▶ **WHAT THIS TASK INVOLVES**:
For this exercise, copy all the data exactly and include none of the pictures.

▶ **SOURCE MATERIAL**:

------------------------------------------------------------------------

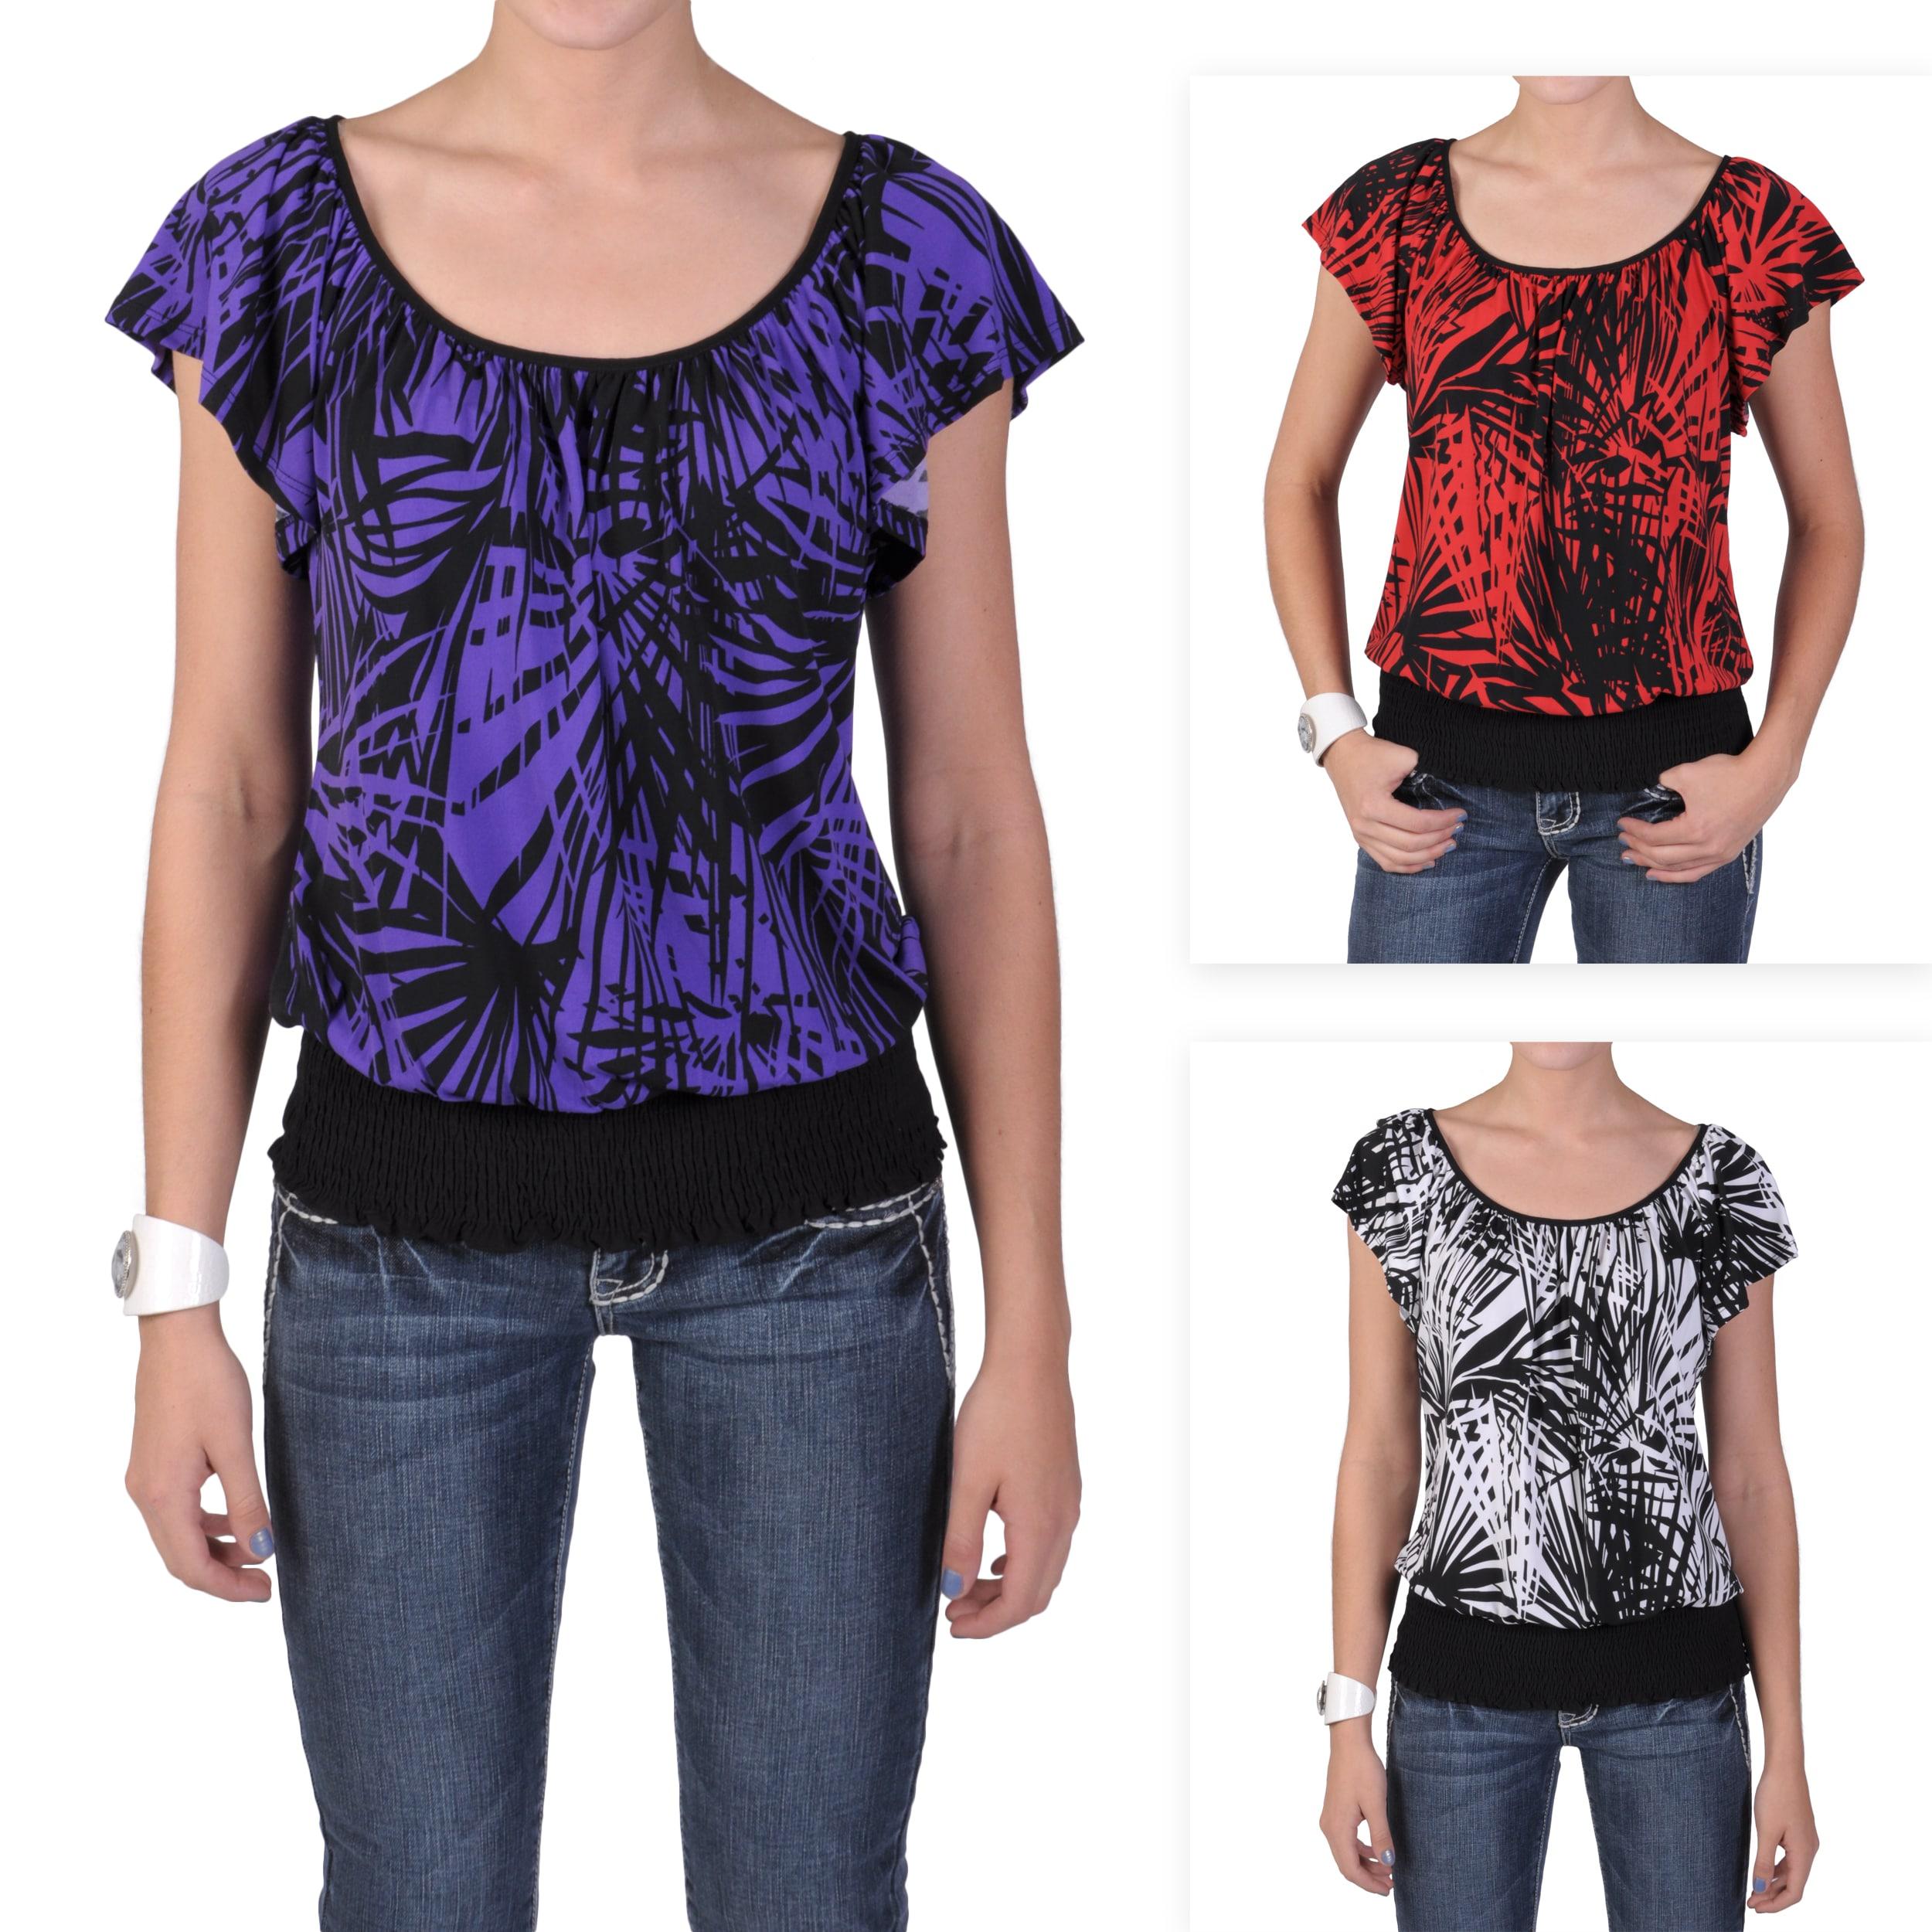 Tressa Designs Women's Contemporary Plus Short-sleeve Smocked Top
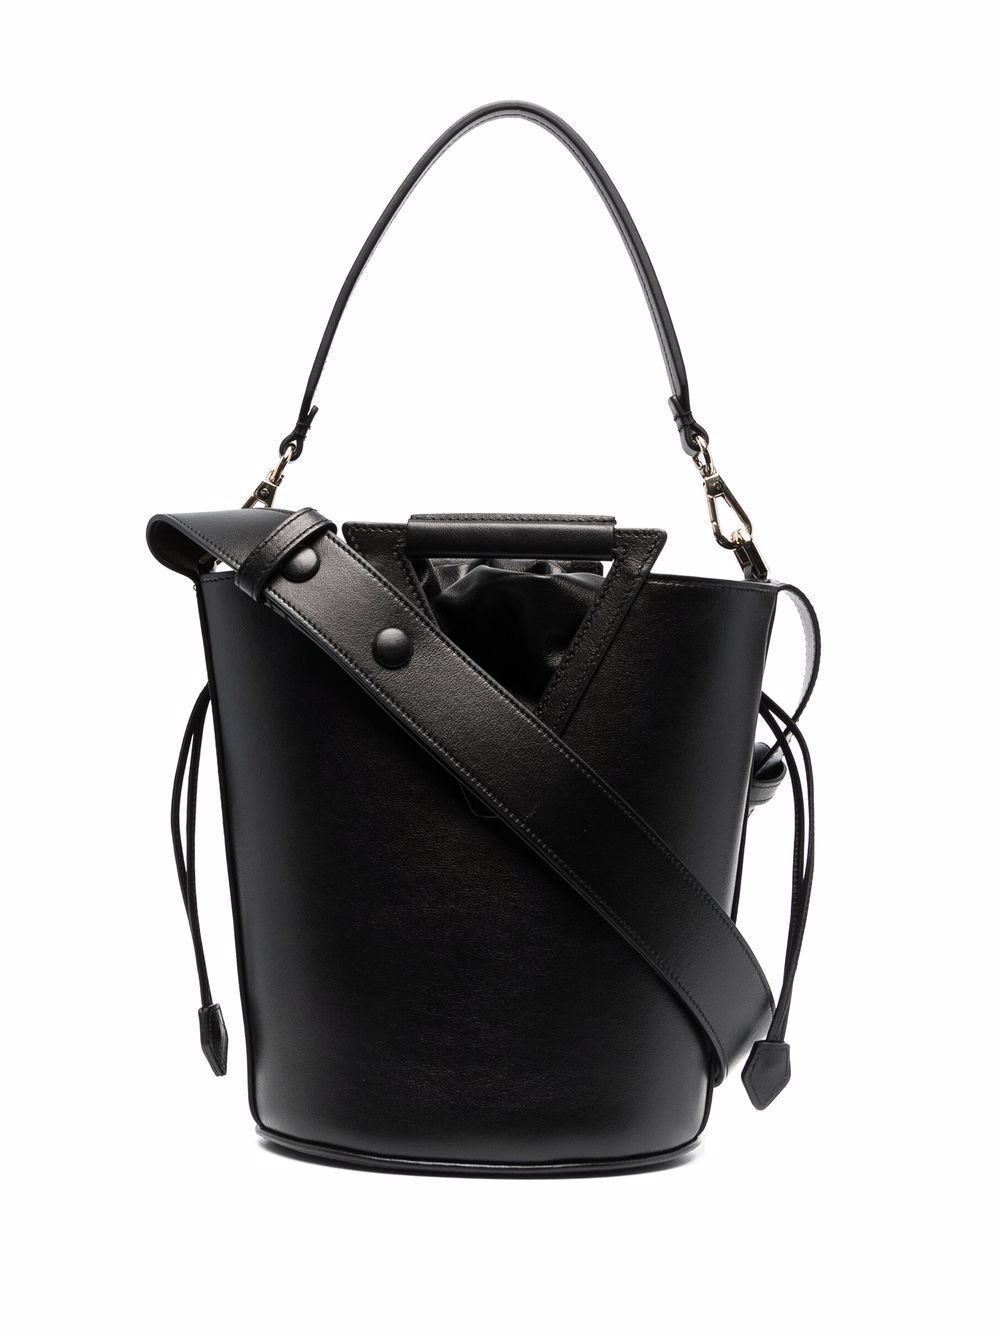 Roger vivier bags.. black
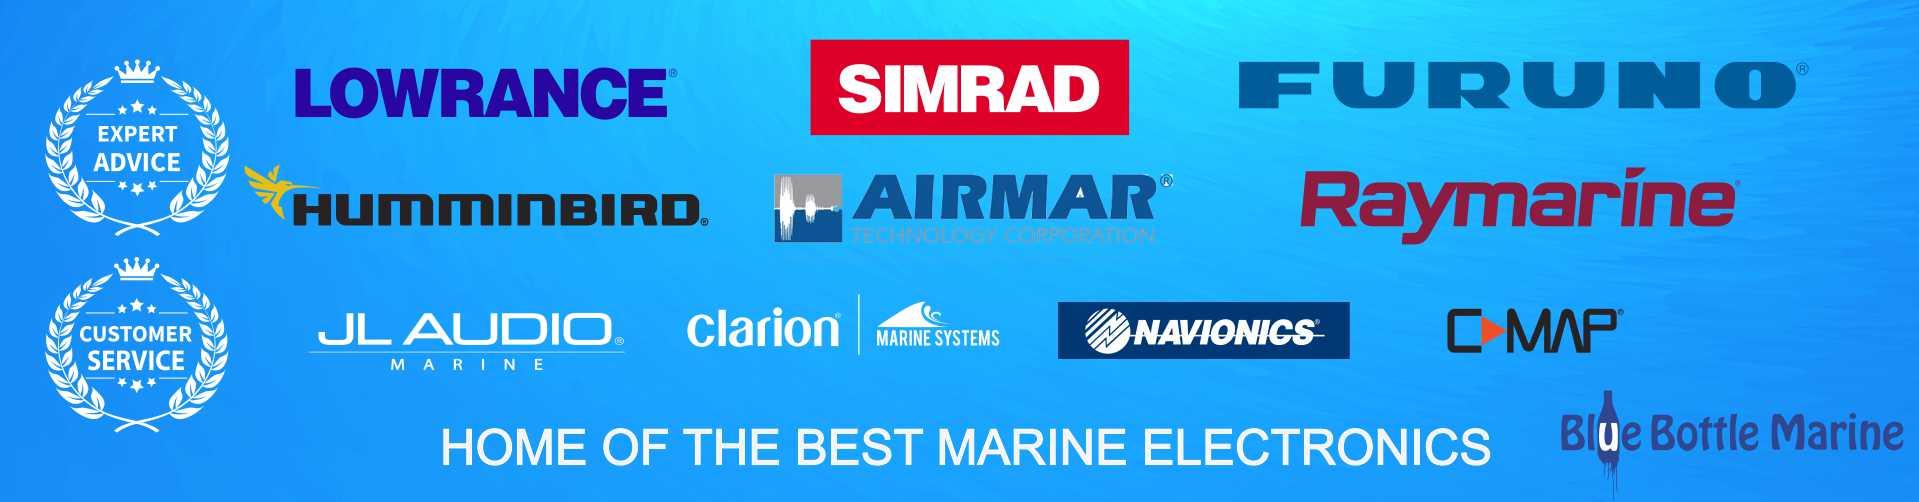 bbm-marine-electonics-home-web-slider.jpg
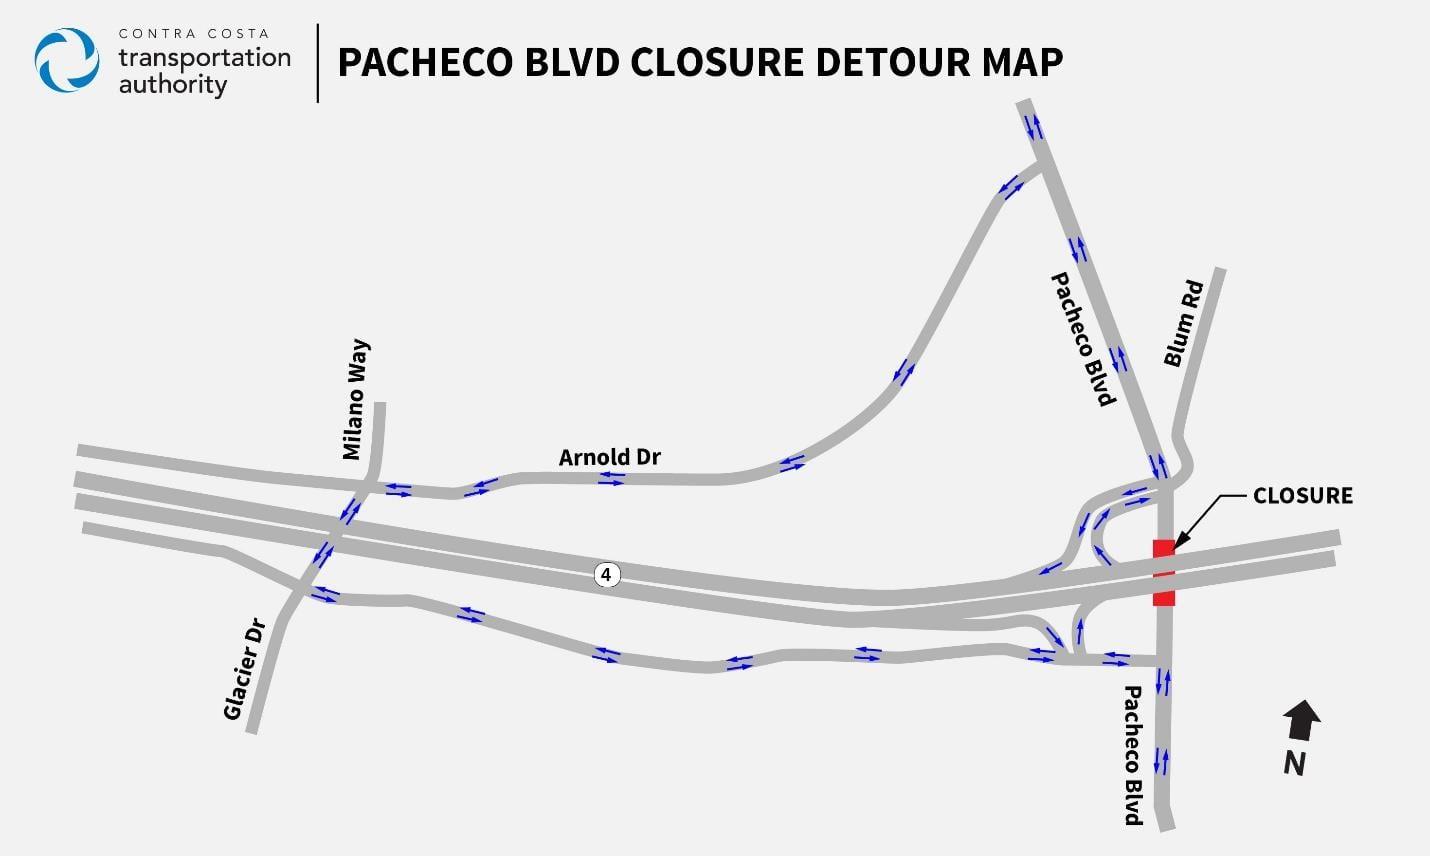 PachecoRd Closure July2019

------------------------------------------------------------------------

▶ **RESPONSE AREA**:
 Tressa Designs Women's Contemporary Plus Short-sleeve Smocked Top
 Roger vivier bags.. black
 bbm-marine-electonics-home-web-slider.jpg
 PachecoRd Closure July2019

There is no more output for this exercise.